You can rapidly compute a low-rank approximation based on SVD, using the svds function.
[U,S,V] = svds(A,r); %# only first r singular values are computed
svds uses eigs to compute a subset of the singular values - it will be especially fast for large, sparse matrices. See the documentation; you can set tolerance and maximum number of iterations or choose to calculate small singular values instead of large.

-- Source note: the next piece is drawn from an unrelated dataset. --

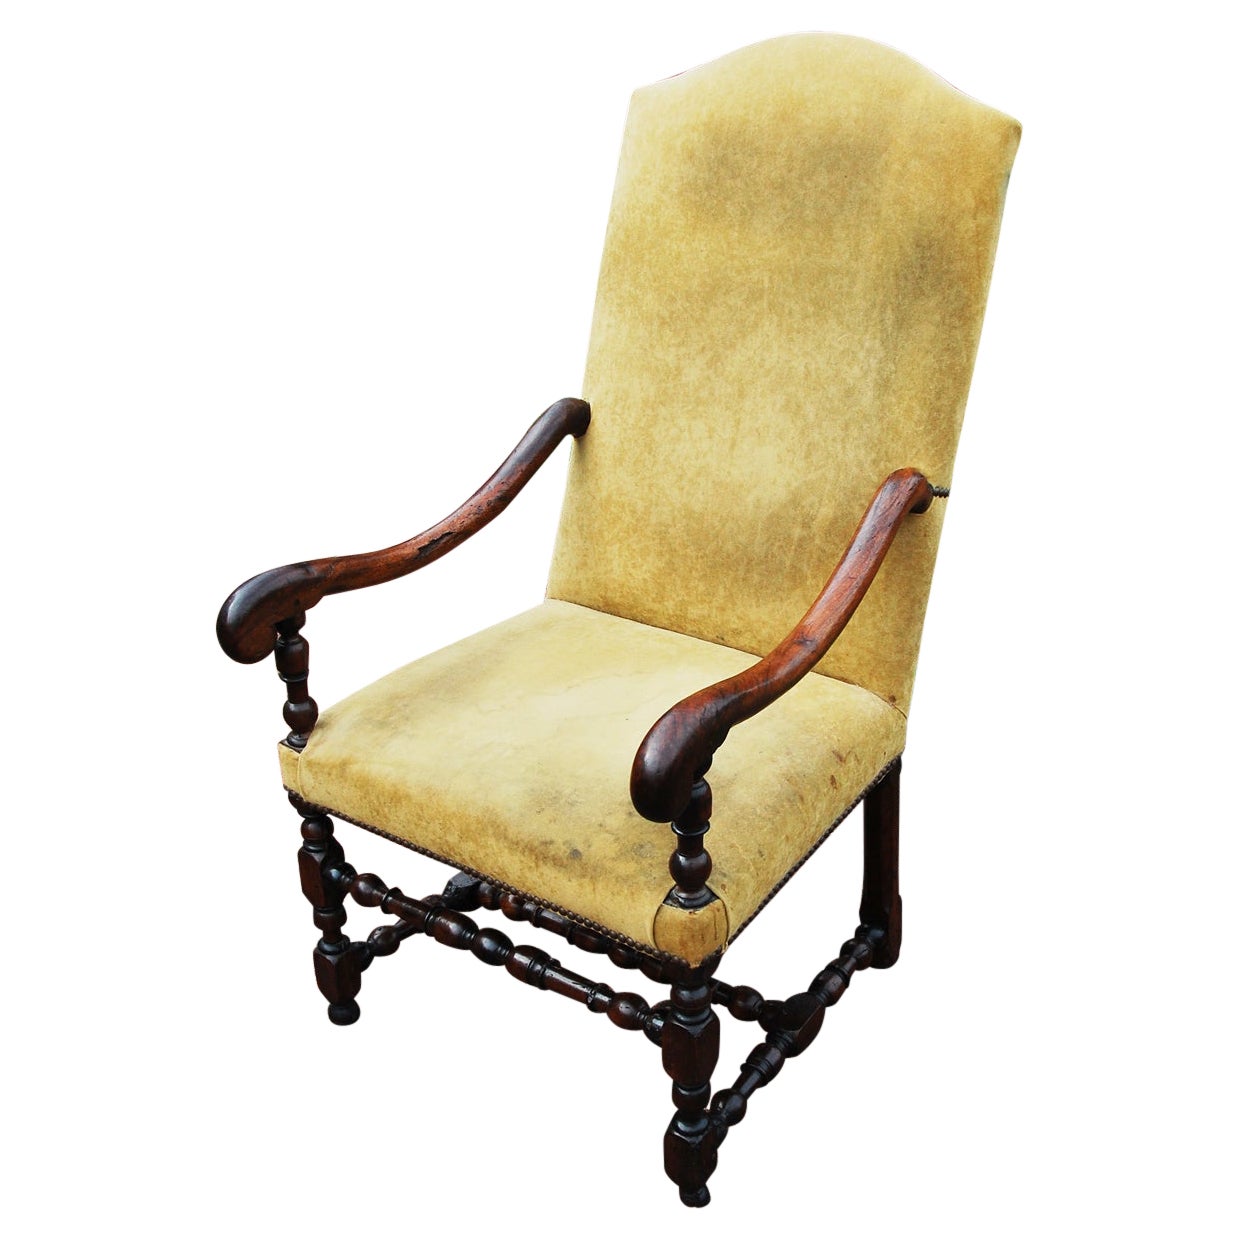 English William and Mary Period Walnut Carved and Turned Lounging Chair

I thought svds and eigs could be faster than svd and eig for dense matrices, but then I did some benchmarking. They are only faster for large matrices when sufficiently few values are requested:
n k svds svd eigs eig comment
10 1 4.6941e-03 8.8188e-05 2.8311e-03 7.1699e-05 random matrices
100 1 8.9591e-03 7.5931e-03 4.7711e-03 1.5964e-02 (uniform dist)

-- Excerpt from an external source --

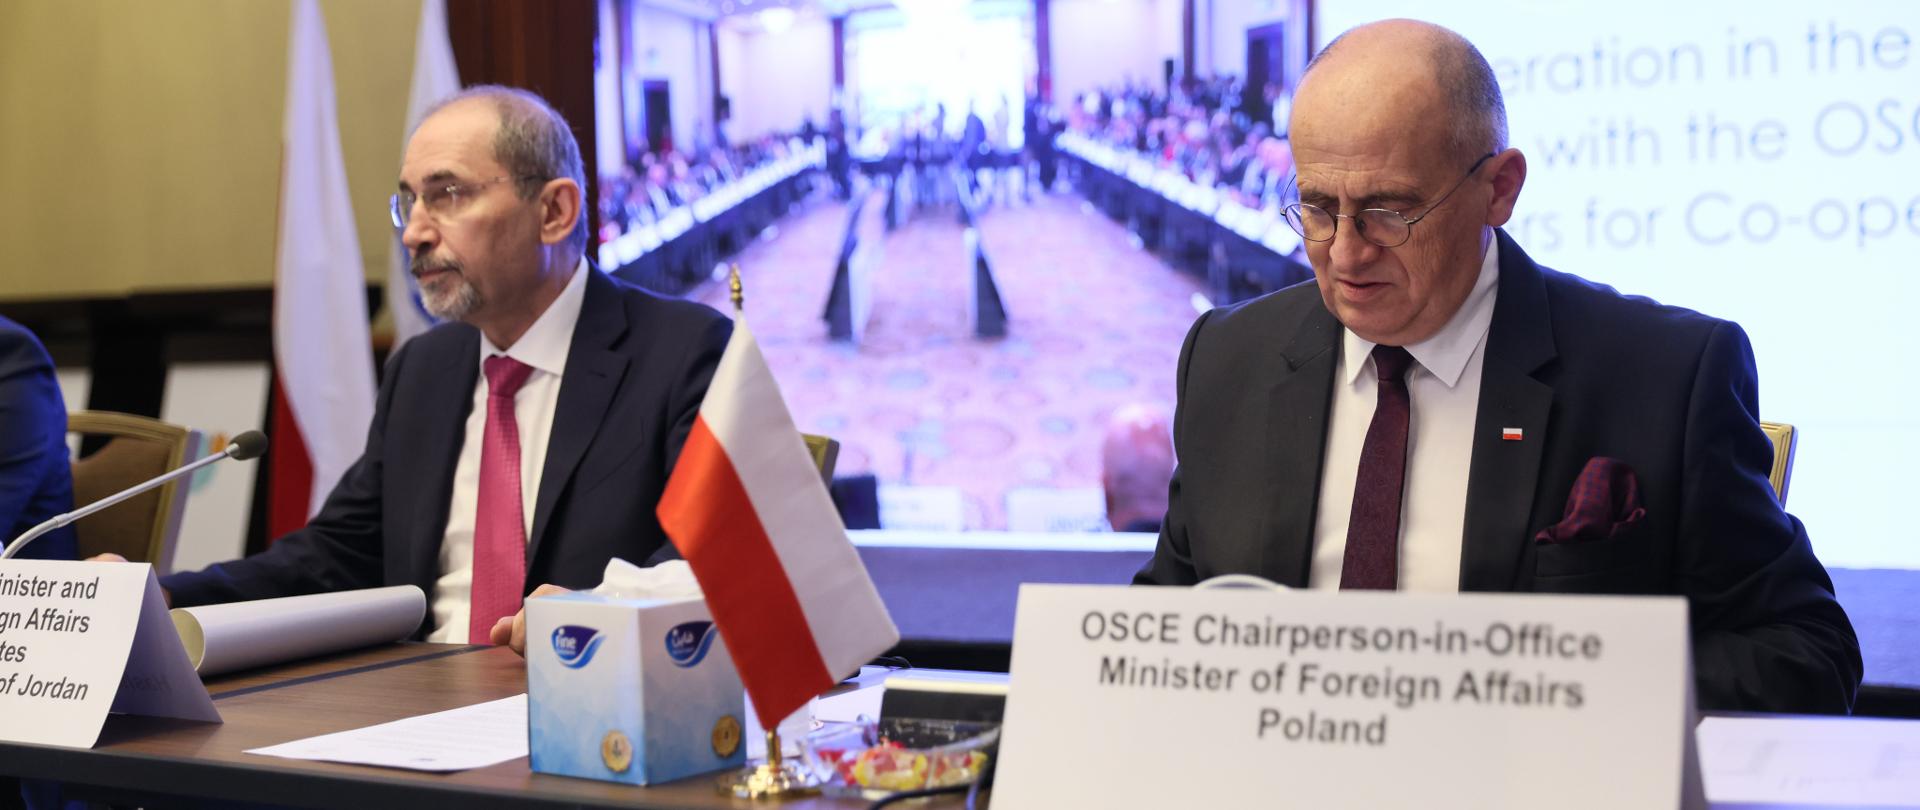 Minister of Foreign Affairs Zbigniew Rau during his visit to Jordan with Deputy Prime Minister and Minister of Foreign Affairs at OSCE Mediterranean Conference

1000 1 3.6464e-01 1.8024e+00 3.9019e-02 3.4057e+00
2 1.7184e+00 1.8302e+00 2.3294e+00 3.4592e+00
3 1.4665e+00 1.8429e+00 2.3943e+00 3.5064e+00
4 1.5920e+00 1.8208e+00 1.0100e+00 3.4189e+00
4000 1 7.5255e+00 8.5846e+01 5.1709e-01 1.2287e+02
2 3.8368e+01 8.6006e+01 1.0966e+02 1.2243e+02
3 4.1639e+01 8.4399e+01 6.0963e+01 1.2297e+02
4 4.2523e+01 8.4211e+01 8.3964e+01 1.2251e+02
10 1 4.4501e-03 1.2028e-04 2.8001e-03 8.0108e-05 random pos. def.
100 1 3.0927e-02 7.1261e-03 1.7364e-02 1.2342e-02 (uniform dist)

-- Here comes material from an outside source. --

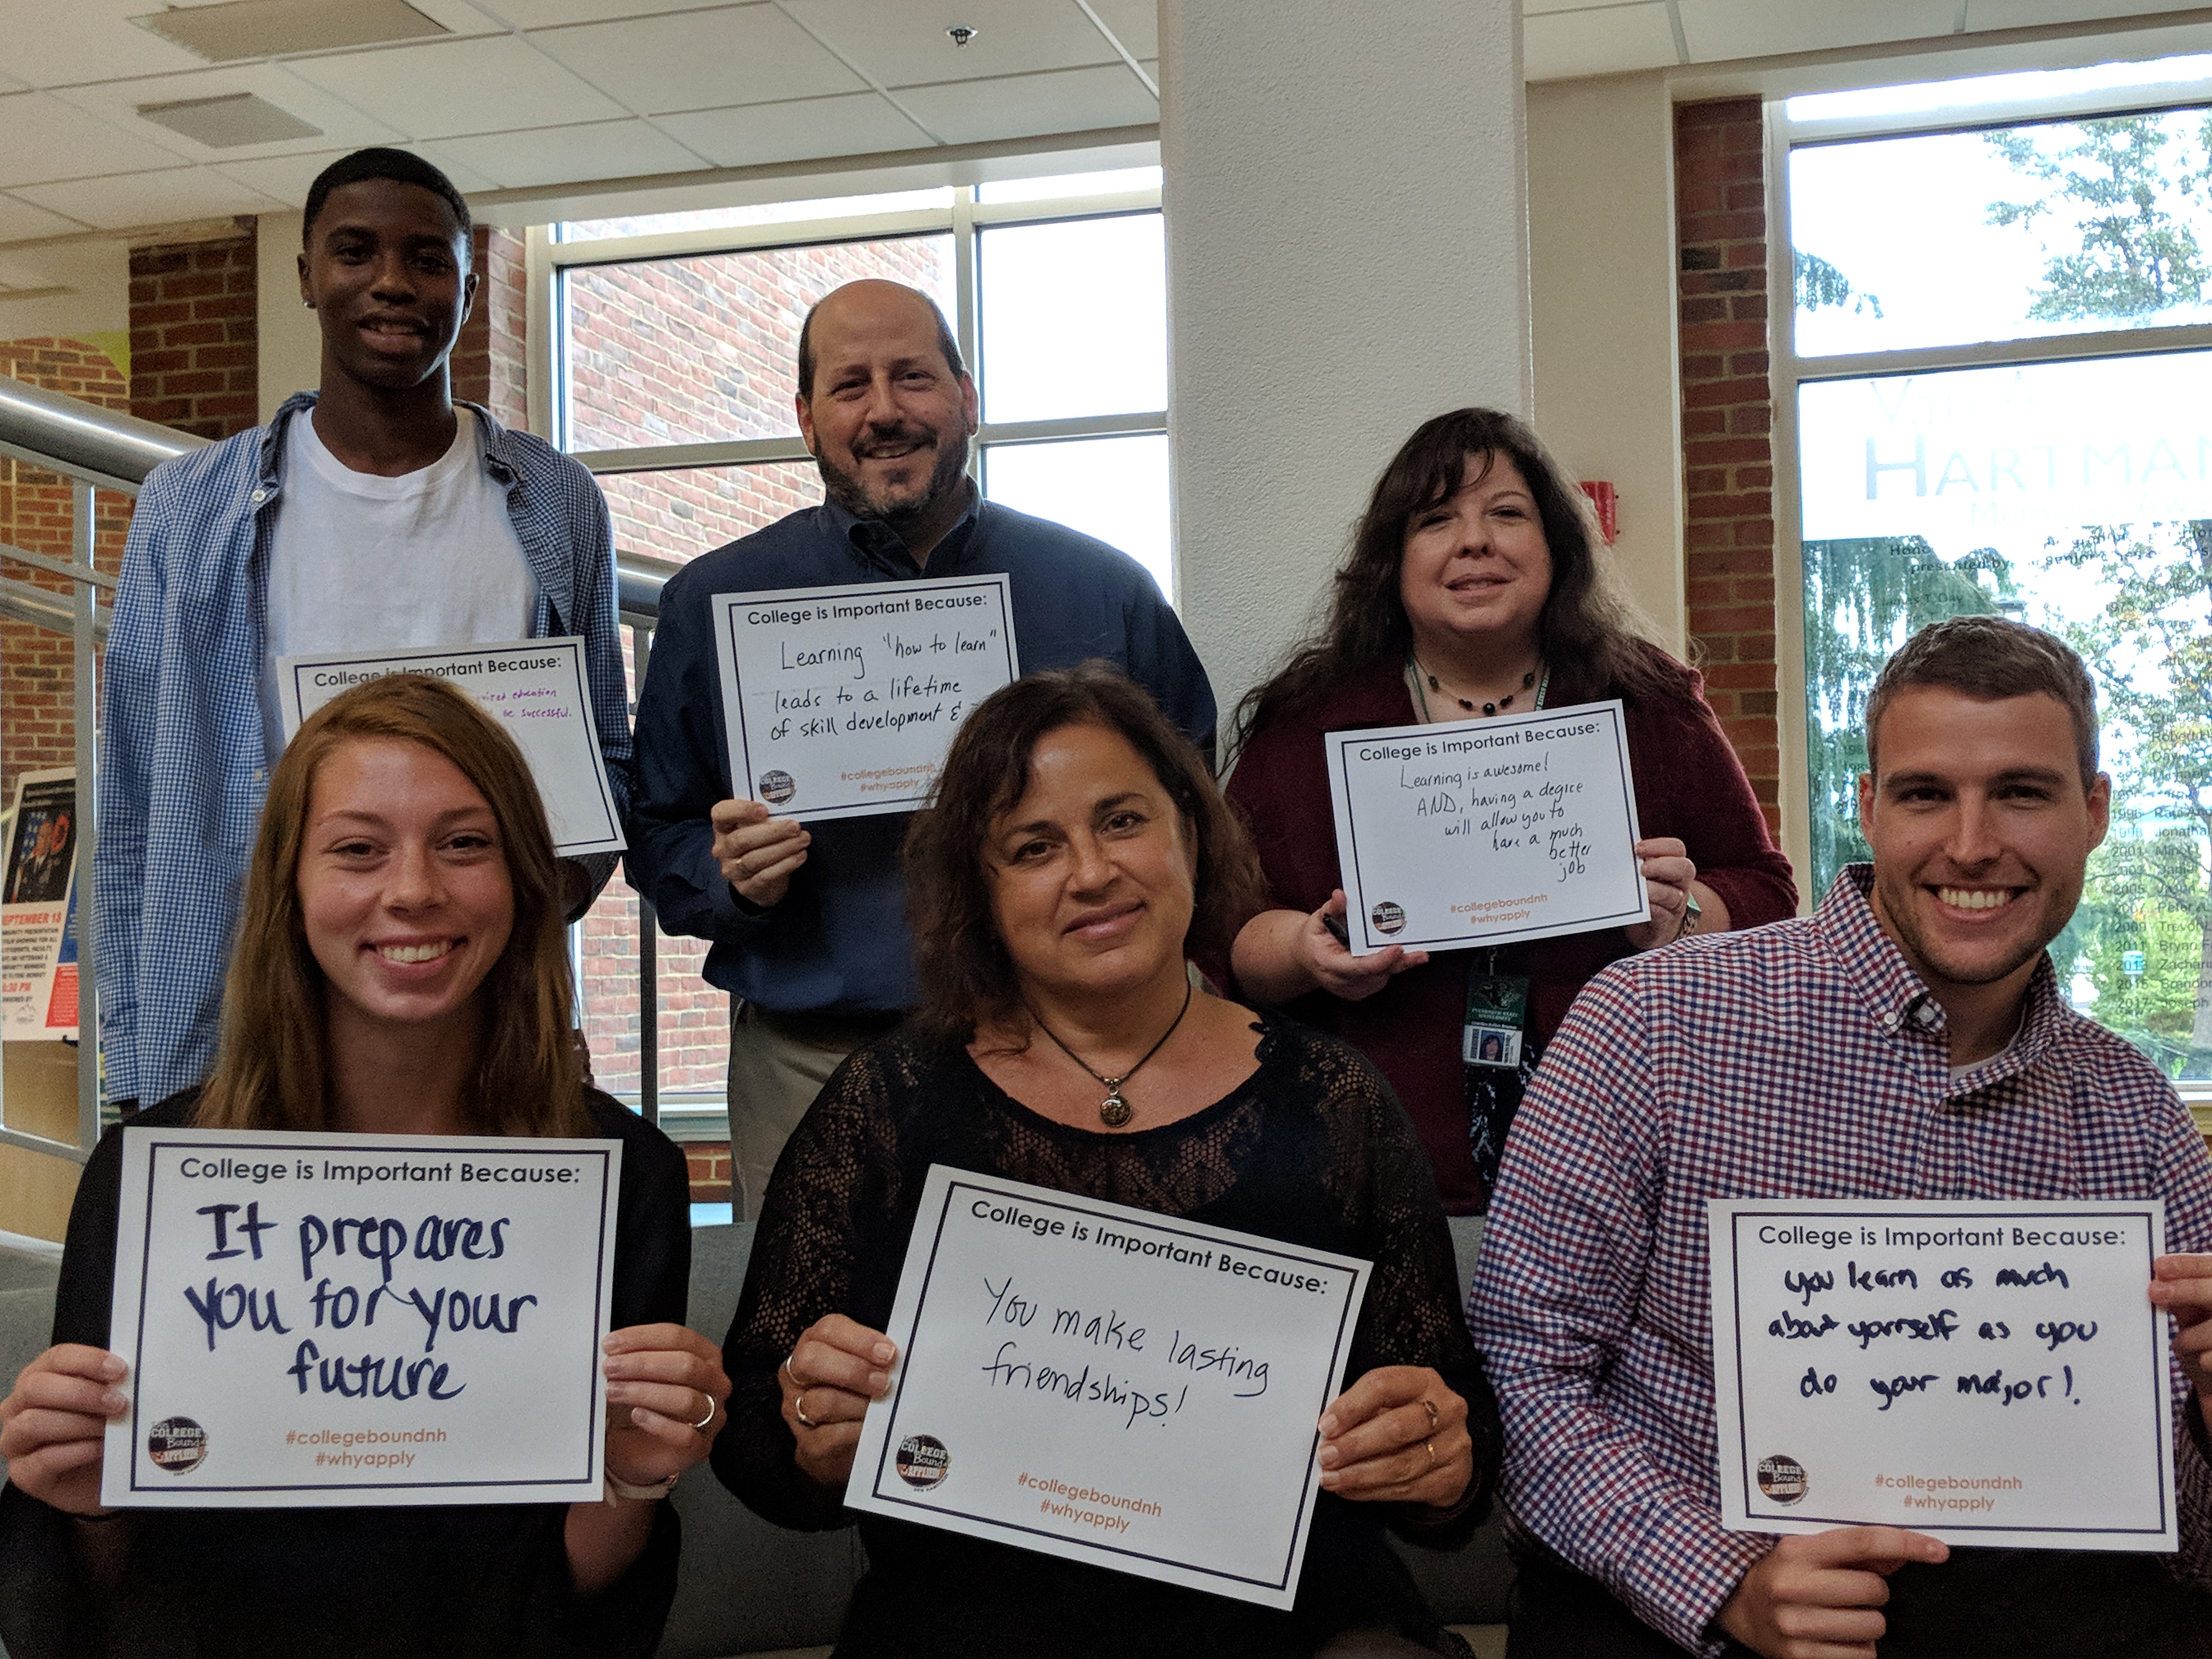 This year, PSU participated in the national #WhyApply Day.

1000 1 3.3647e+00 1.8096e+00 4.5111e-01 3.2644e+00
2 4.2939e+00 1.8379e+00 2.6098e+00 3.4405e+00
3 4.3249e+00 1.8245e+00 6.9845e-01 3.7606e+00
4 3.1962e+00 1.9782e+00 7.8082e-01 3.3626e+00
4000 1 1.4272e+02 8.5545e+01 1.1795e+01 1.4214e+02
2 1.7096e+02 8.4905e+01 1.0411e+02 1.4322e+02
3 2.7061e+02 8.5045e+01 4.6654e+01 1.4283e+02
4 1.7161e+02 8.5358e+01 3.0066e+01 1.4262e+02
With size-n square matrices, k singular/eigen values and runtimes in seconds. I used Steve Eddins' timeit file exchange function for benchmarking, which tries to account for overhead and runtime variations.
svds and eigs are faster if you want a few values from a very large matrix. It also depends on the properties of the matrix in question (edit svds should give you some idea why).